Recently I attended some lectures on photography history at university, and the discussion evolved from the controversy from the start as to whether photography was an art or a mechanical process. Early reviews of the first photos (in this case Daguerreotypes) marveled at the incredible detail and accuracy rendered by the images. So we asked ourselves does a photo tell the truth?
The first question to address was obvious: What is Truth?
Part of that answer has to lie with differences of how we see and how the camera sees.
So, immediately there differences:
- We correct distortion & colour shift, the camera does not
- Our eyes adapt to tonal differences, the camera less so
- Our eyes scan continuously, a camera does not
- The camera has no emotional attachments, we do
- We see what we expect to see and ignore things we take for granted, the camera does not
- We see in 3D, the camera captures in 2D – we need to create the illusion of depth with composition or by using dual cameras
- Our brains isolate, the camera does not
How we isolate
We have evolved as part of our survival and social demands to be selective in we observe:
- The brightest element - particularly useful for finding food
- The strongest, most saturated, and warmest colours
- Sharp or well-defined or well-contrasted areas
- Texture – hard light vs. soft light and back light
- Contrasting movement and stillness
- The largest element
- Leading Curves and perspective lines – frame placement
- People (esp. children, faces, eyes) or animals
- We read text!
So, in the end the issue of rendering a "true" image is fraught with differences between our optical characteristics and the human intelligence and socials programming that bias and filter what our eyes present to us.

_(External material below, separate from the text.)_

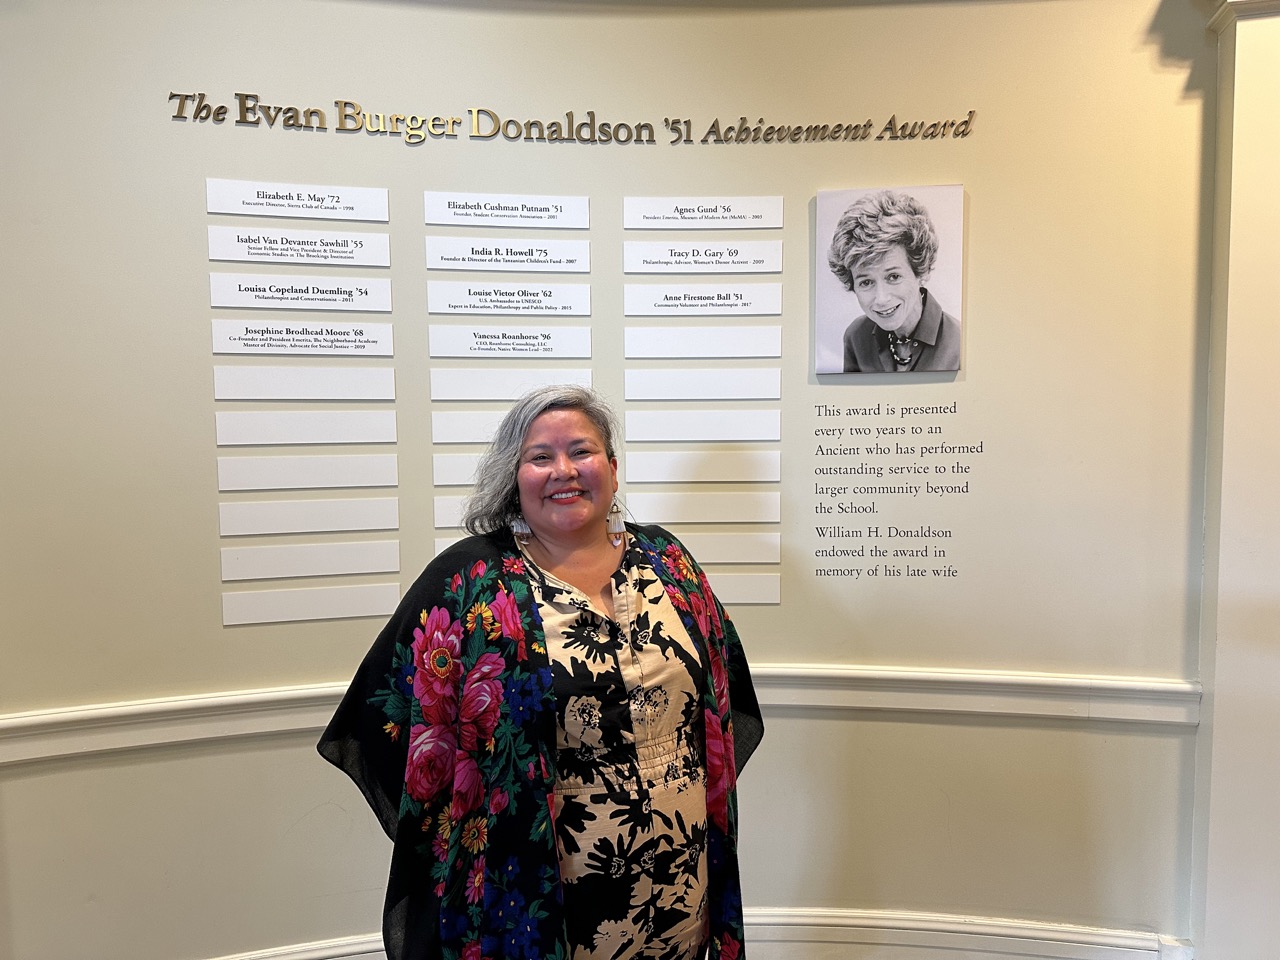 Vanessa Roanhorse '96 was awarded the Evan Burger Donaldson ’51 Achievement Award in 2022

For a long time photography was held to be truly honest, yet almost immediately photographers played with images to fool us and make a point.
Henry Peach Robinson in 1858, Image Fading Away
Source: The Met
During the American Civil War photographers capturing the battlefield scenes had, by necessity, to work after the conflict, (both from a safety perspective and because their shutter speeds were too slow) so they were prone to arranging the bodies of dead combatants for effect. Photos of the living were posed for the same reasons.